I have tried to use Euler's Theorem as well as the special case of it - Fermat's little theorem. But neither of them got me anywhere.

Is there something important here that I am missing.

  • 0
    Hmm... I thought this smartphone was supposed to be *fast!* Oh well. See the answer.2011-12-07

3 Answers 3

12

Well, the first thing is that $1234 \equiv 12 \equiv -1 \pmod{13}.$ And 5678 is even.
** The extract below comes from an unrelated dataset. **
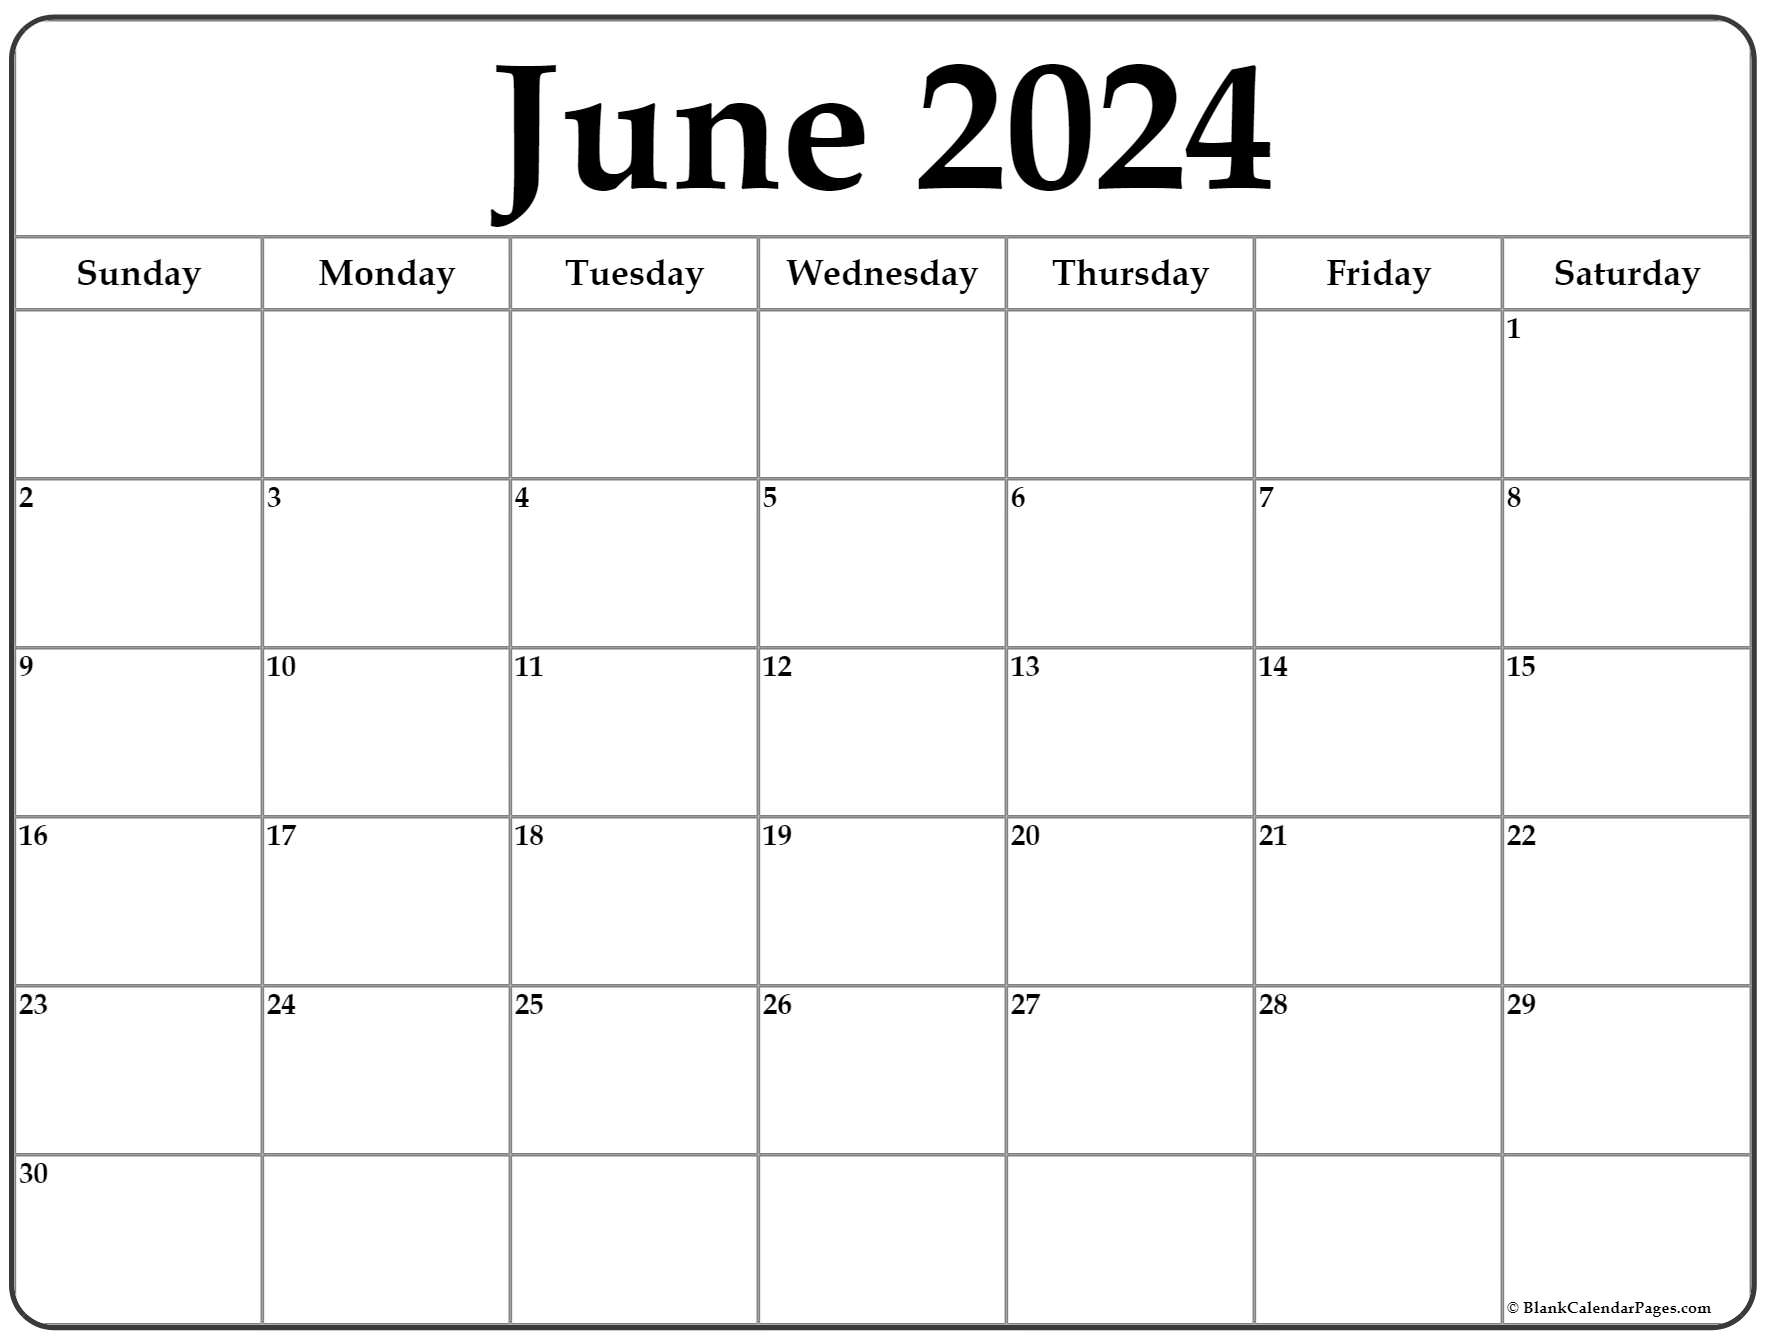 Month Of June Calendar 2022 June 2022 Calendar | Free Printable Calendar Templates
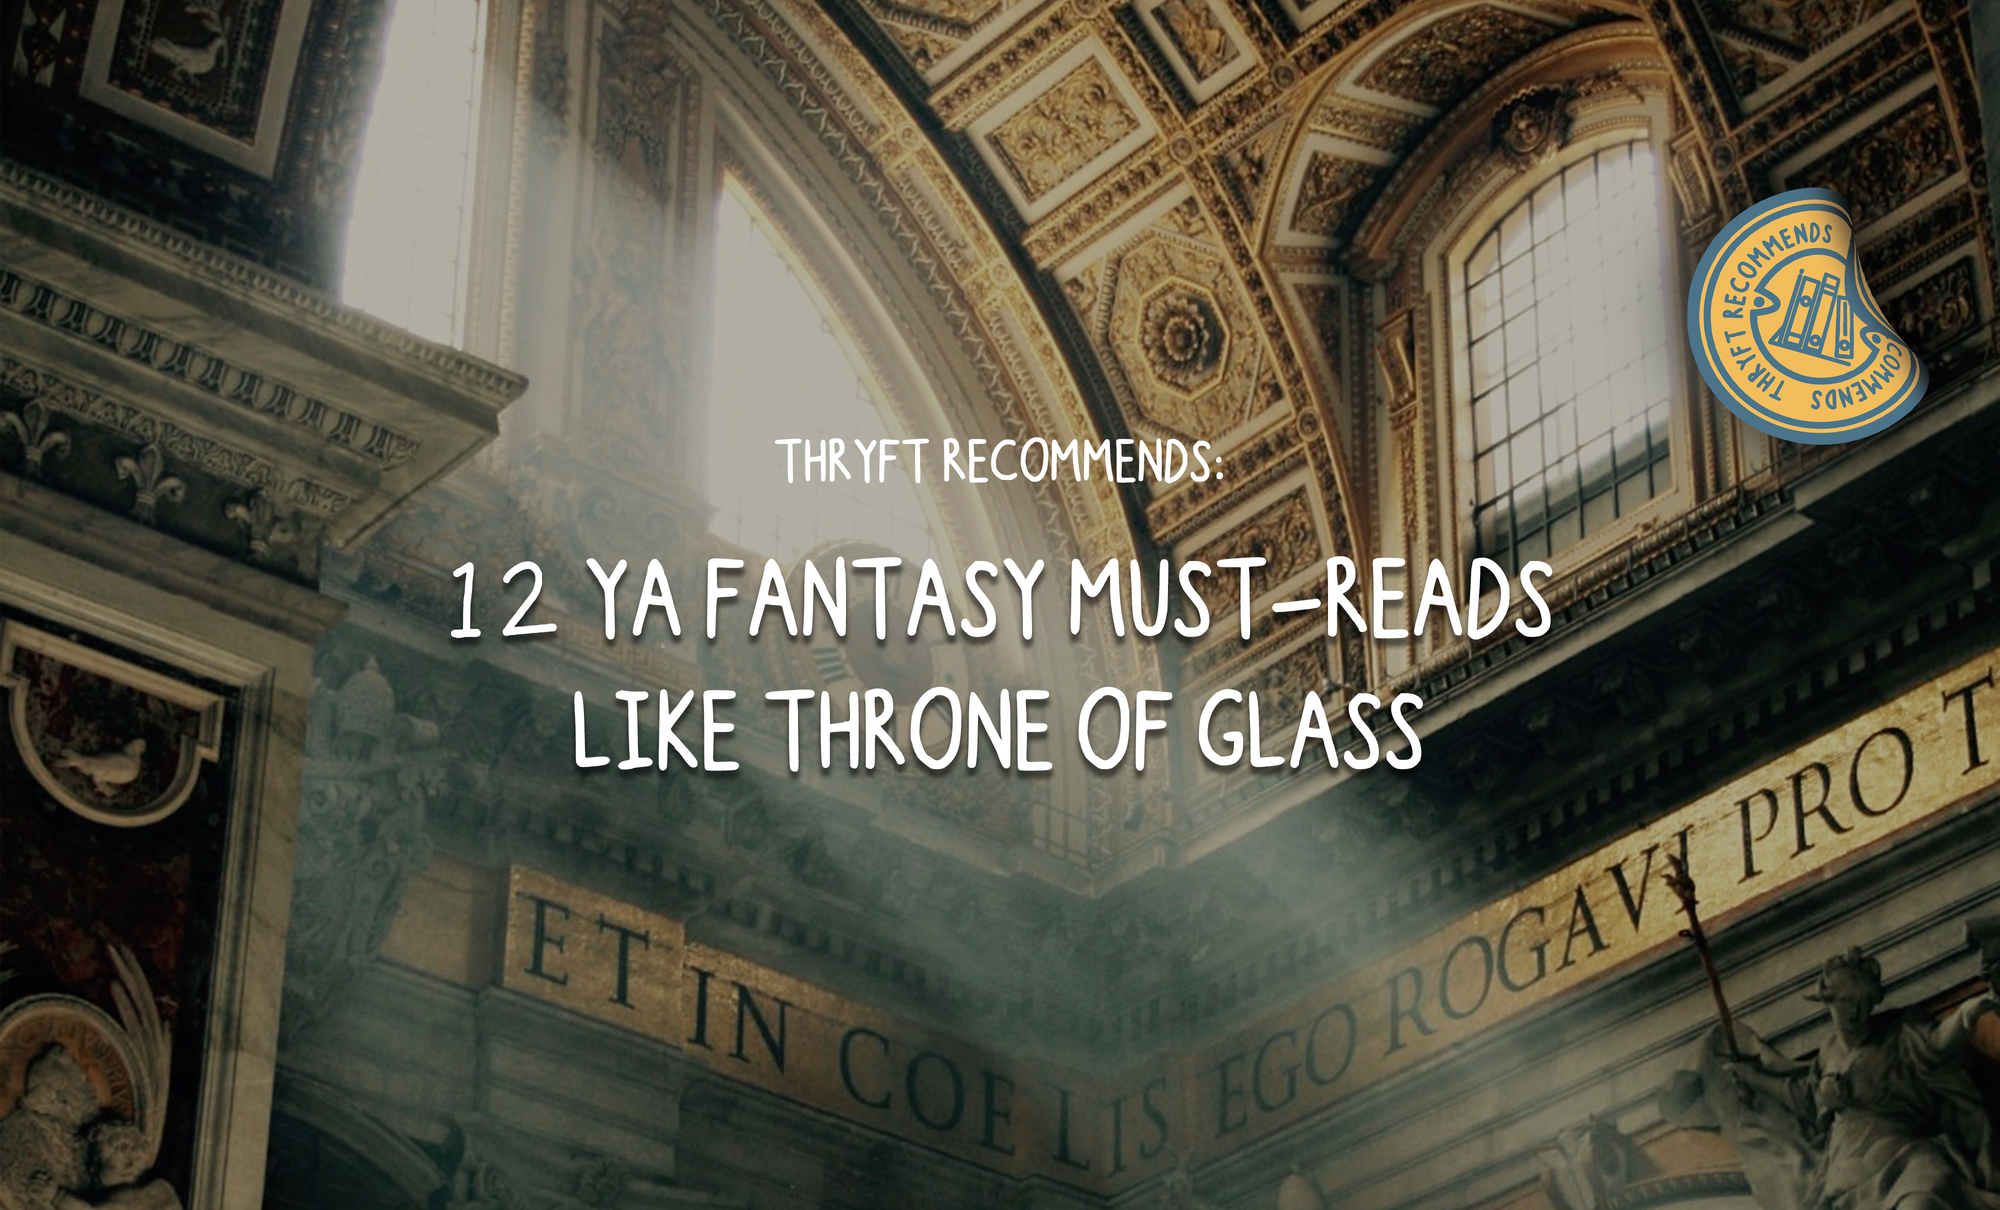 12 YA Fantasy Must-reads like Throne of Glass

So the answer is 1.

  • 5
    $1234 \equiv 12 \equiv -1 \pmod{13} \implies 1234^{5678}\equiv (-1)^{5678} \pmod{13} \implies 1234^{5678} \equiv 1 \pmod{13}$2011-12-07
4

$\rm mod\ 13\!:\ \ 12\: \equiv\: -1,\ 10\:\equiv\:-3\ $ so $\rm\ 1234\ =\ 12\cdot 10^{\:2} +\: 34\ \equiv\:\: -1\cdot (-3)^2 + 34\ \equiv\: 25\ \equiv\: -1\:.\ $

Therefore $\rm\quad 1234^{2\:N}\ \equiv\ (-1)^{2\:N}\ \equiv\ ((-1)^2)^N\ \equiv\ 1^N\ \equiv 1\pmod{ 13}$

3

$1234^{5678} \quad \equiv_{13} \quad (-1)^{5678} \quad \equiv_{13} \quad((-1)^2)^{2839} \quad \equiv_{13} \quad 1^{2839} \quad \equiv_{13}\quad 1$.